Learn how to use Mayo Clinic Connect
Request an Appointment
Does anyone have difficulty accepting new limitations daily? Is it helpful or a bit of denial to keep photos out of yourself riding, dancing, all of which are just fantasies at this point? Thank you.
Hello @keeptrying — Thank you for asking that question. I struggle with it also. I have idiopathic small fiber peripheral neuropathy going on 20+ years in my feet and ankles. I also have polymyalgia rheumatica which I’m hoping will go back into remission soon. I think keeping things that remind of us of good memories is helpful and brings a little joy at times we need might need some. Your username keeptrying is a good one and I’m guessing it describes how you feel inside. When I get down a little, I just keep reminding myself to take it one step at a time, one day at a time.
I hate accepting that I can no longer do some of the things I could do when I was younger – I’m a young person stuck in a 74 year old’s body. The old guy keeps reminding me not to do anything stupid like trying to pick up something heavy but the young guy still thinks he can do it like in the old days. The acceptance comes for me after I’ve done something stupid and now have more pain than normal.

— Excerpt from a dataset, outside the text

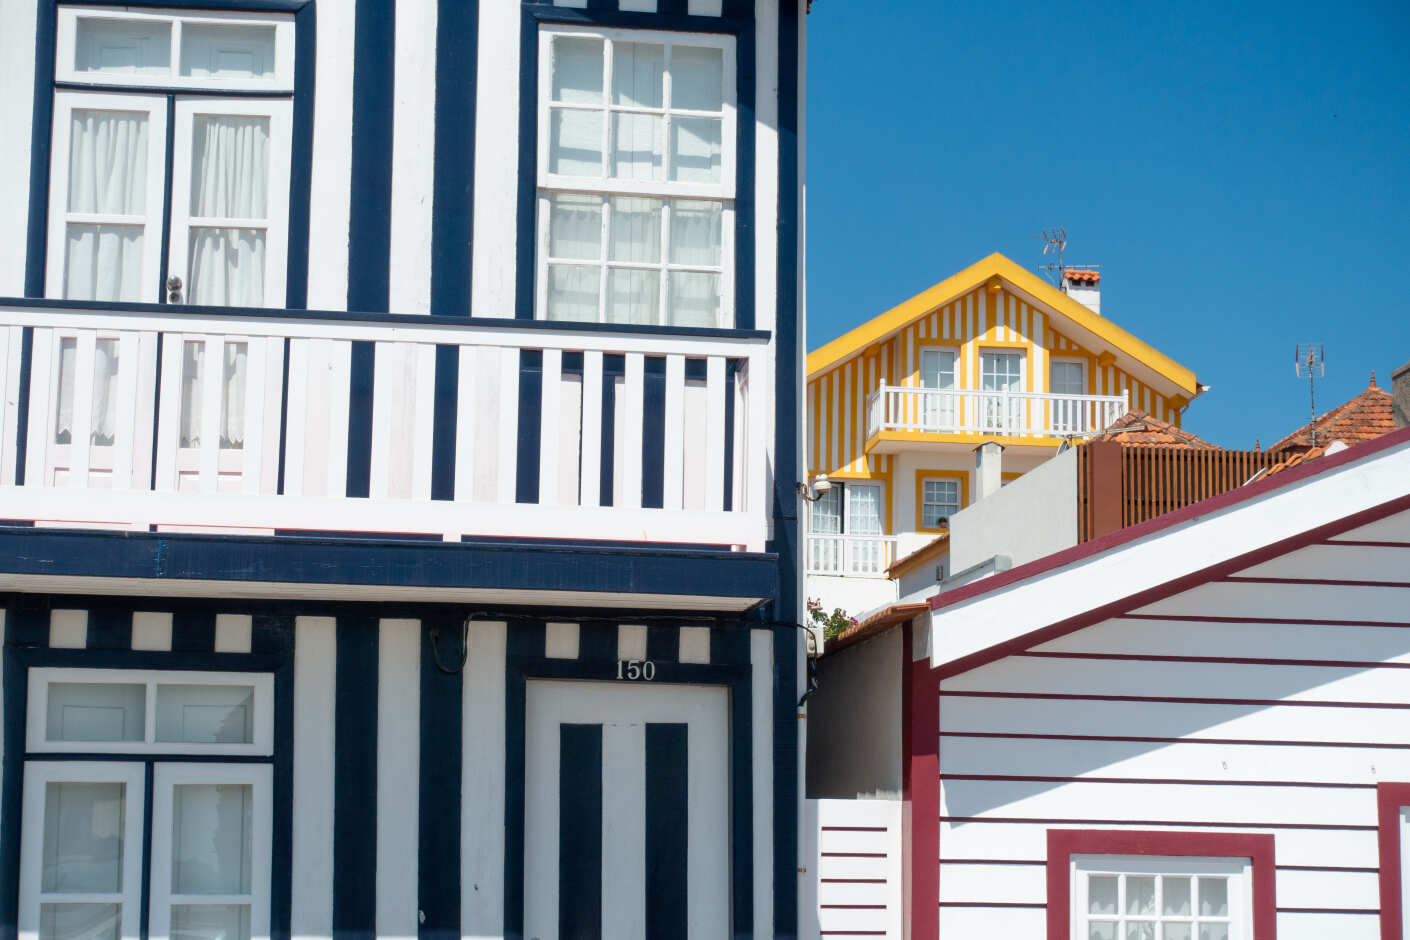 Boats, salt, and striped houses - Aveiro and Costa Nova
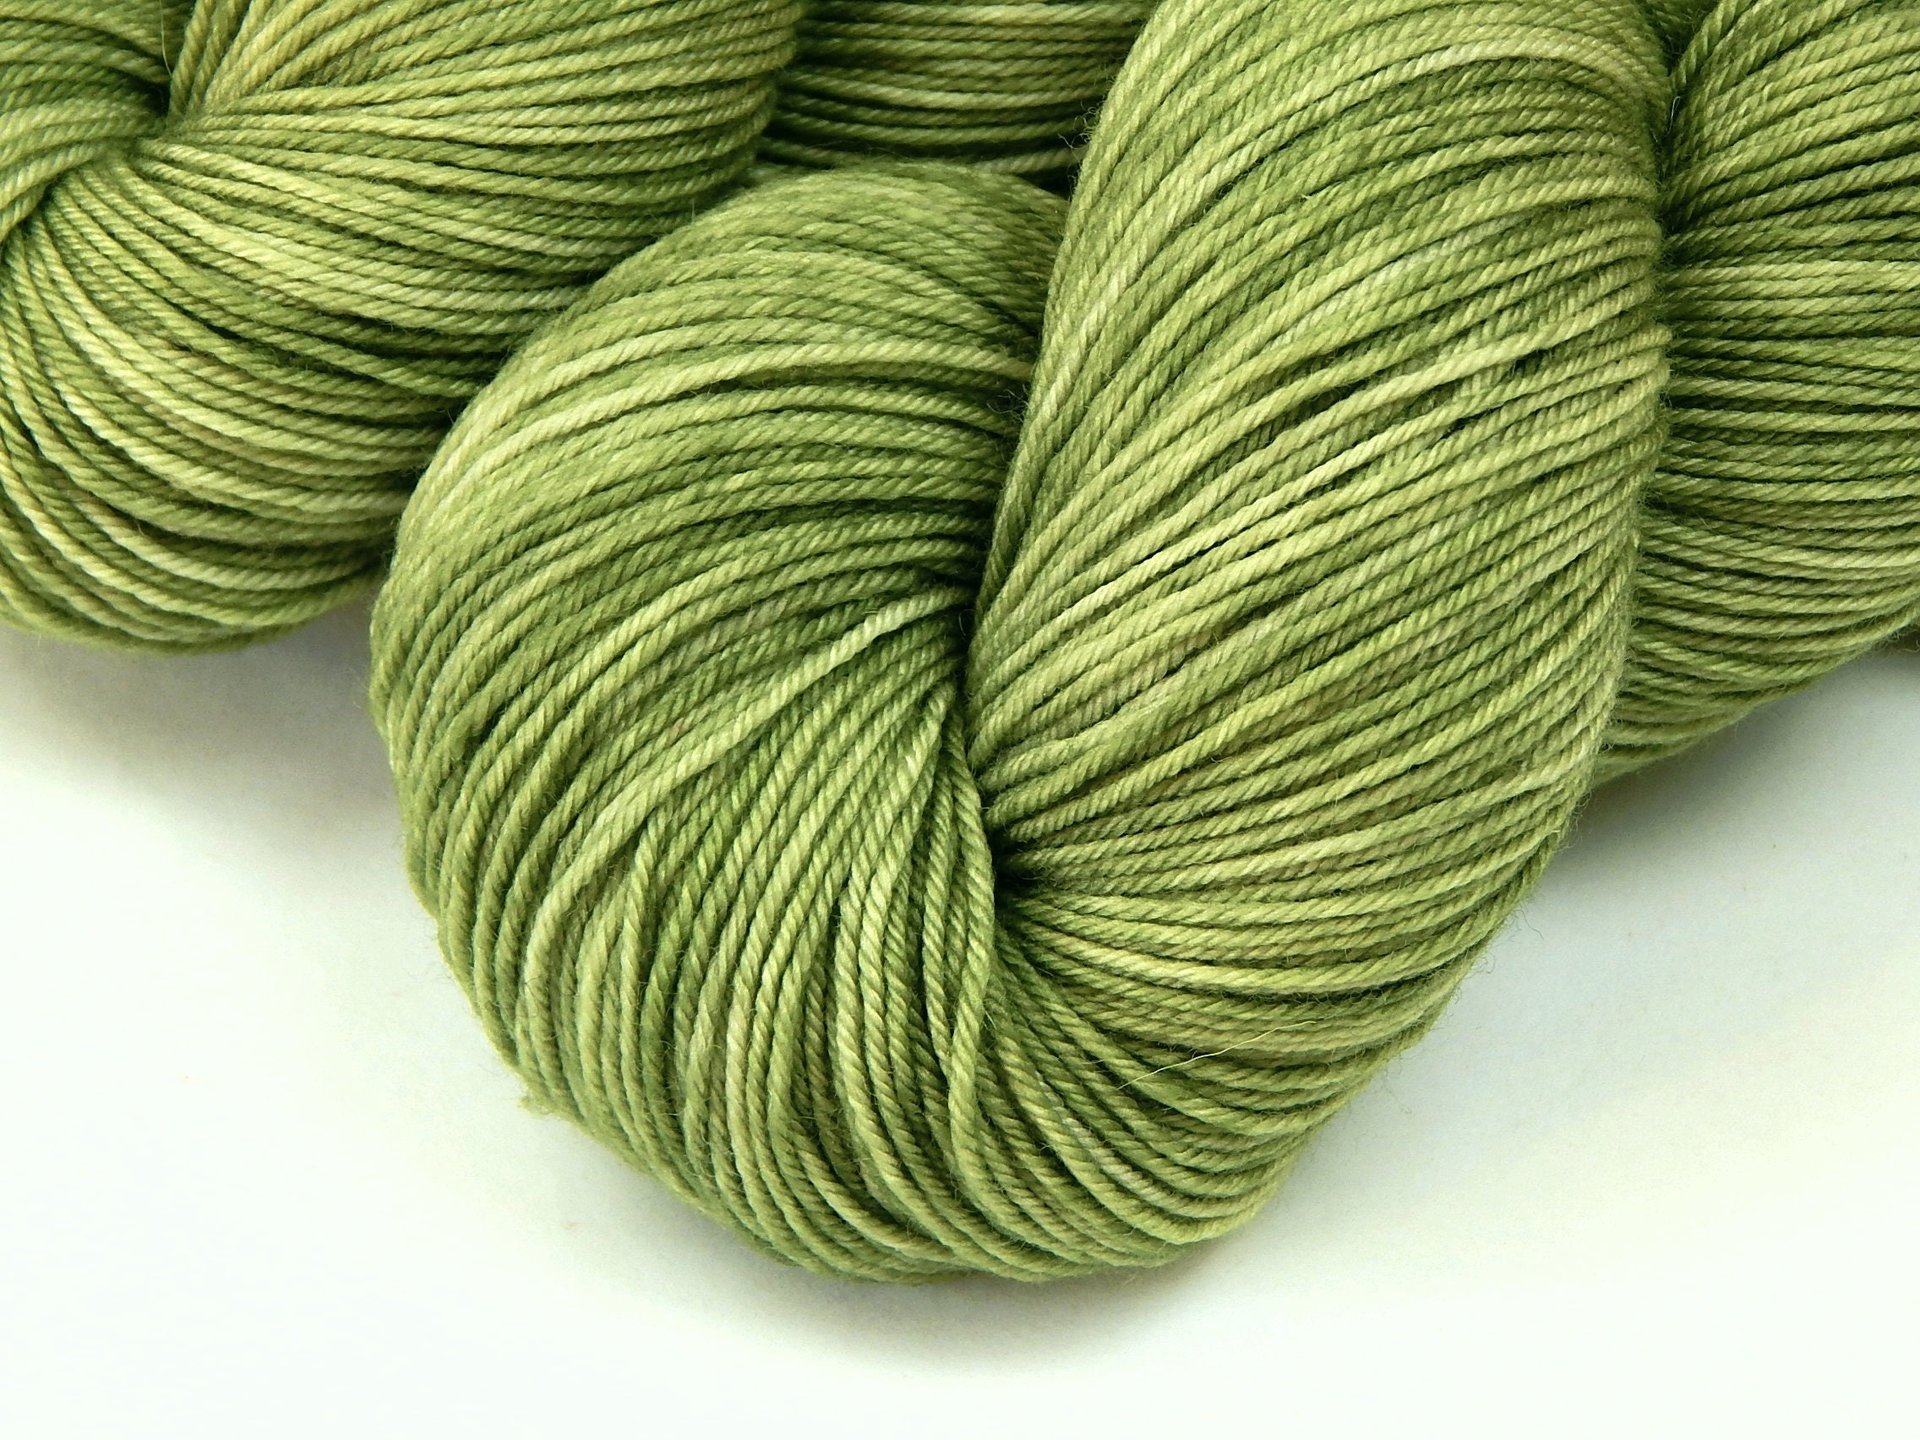 Hand Dyed Sock Yarn, Fingering Weight 4 Ply Superwash Merino Wool - Green Tea - Light Olive Knitting Yarn, Avocado Hand Dyed Yarn

I do think keeping busy, volunteering and taking life one day at a time and smiling a lot goes a long way to help with acceptance. I was fortunate enough to have listened to a speaker Dr. Amit Sood who gave me a new perspective and outlook on life. He has a website with a lot of great short videos:
http://stressfree.org/. Here is one of my favorite videos of Dr. Sood:
@keeptrying I suppose that is part of the problem, all right. Whenever I get blue about not being able to dance or ride or something similar, Wifey reminds me that I never could dance or ride. But I mention one of my old girlfriends, and Wifey asks if I want her to call the old friend and offer to give me back. That usually ends the conversation. Then I go back to watching football, which was most of my life for 30 years. We both know I cannot do that any longer. Someplace at Emory University there is a picture of me walking on water, but I guess my feet have shrunk too much for that.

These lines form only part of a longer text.